Below are benchmarks on my desktop computer, old laptop and Samsung Galaxy Tab S6 Lite tablet:
# g++-11.2.0 -O3 -march=native -funroll-loops -fopenmp solution1.cpp
# time ./a.out < weak_typing_chapter_2_input.txt > output.txt
real 6m31.028s
user 52m6.475s
sys 0m0.020s
# g++-11.2.0 -O3 -march=core2 -funroll-loops -fopenmp solution1.cpp
# time ./a.out < weak_typing_chapter_2_input.txt > output.txt
real 25m39.187s
user 51m15.532s
sys 0m0.156s
# aarch64-unknown-linux-gnu-g++-11.2.0 -static -O3 -mtune=cortex-a73.cortex-a53 -funroll-loops -fopenmp solution1.cpp
# adb push a.out /data/local/tmp/
# time adb shell /data/local/tmp/a.out < weak_typing_chapter_2_input.txt > output.txt
real 8m34.429s
user 0m0.000s
sys 0m0.005s
Solution | Device | Processor | Time |
---|---|---|---|
solution v0 | desktop computer | quad-core Intel Core i7-860 @2.8GHz | 28m13.998s |
solution v1 (OpenMP) | desktop computer | quad-core Intel Core i7-860 @2.8GHz | 6m31.028s |
old laptop | dual-core Intel Core2 Duo T7200 @2.0GHz | 25m39.187s | |
android tablet | octa-core 4x ARM Cortex-A73 @2.3GHz + 4x ARM Cortex-A53 @1.7GHz | 8m34.429s |
Running it all on a homemade "cluster"
I have multiple devices at home and none of them is fast enough by itself. But what if they all work together? It isn't very difficult to make a script, which dissects the input data into separate testcases, runs them on different devices and combines their output together:
require 'open3'
# This script splits a big test into individual testcases. And then runs
# them on multiple computers in parallel.

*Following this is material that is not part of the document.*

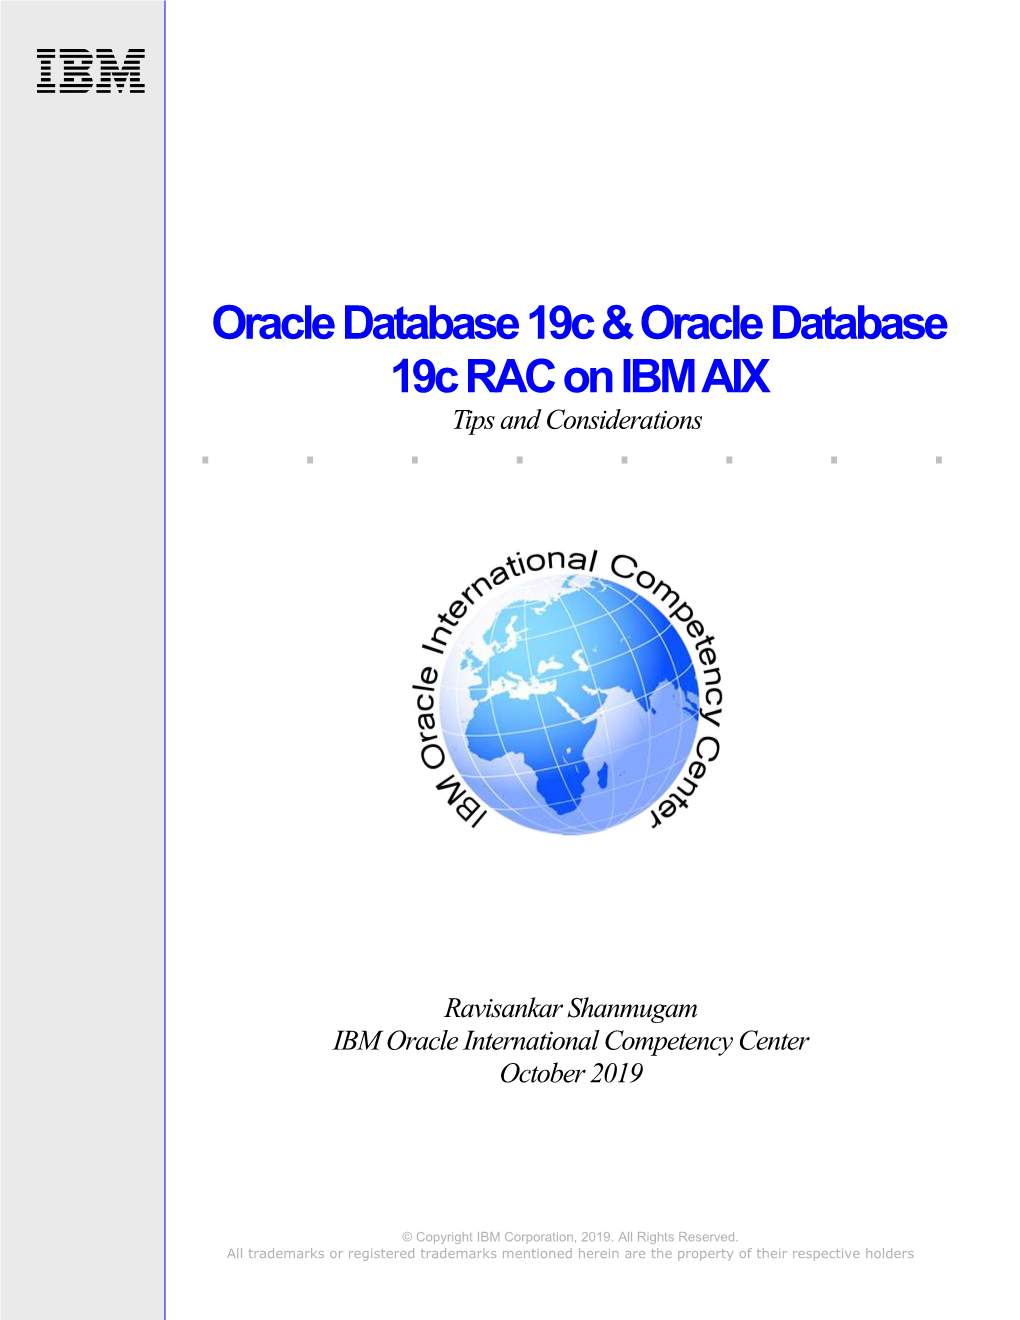 Oracle Database 19C & Oracle Database 19C RAC on IBM

# Each entry in the 'workers' array describes a command line, which can be
# executed to process a single testcase. Testcases can be run on Android
# phones/tablets via 'adb' or on other Linux computers via 'ssh'.
workers = [
"./a.out", # Desktop computer
"ssh ssvb@t61 /tmp/a.out", # Laptop
"adb shell /data/local/tmp/a.out", # Android tablet
]
# If true, then print debugging information and statistics to stderr
VERBOSE = true
#########################################################################
jobs_todo = {}
jobs_in_progress = {}
jobs_done = {}
# read all testcases from standard input
testcases = gets.to_i.times.map {|i| gets ; [i + 1, gets.strip] }
# sort testcases by lengths of strings, longest first
testcases.sort! {|x, y| y[1].length <=> x[1].length }
# initialize the 'jobs_todo' hash (key: testcase number, value: string)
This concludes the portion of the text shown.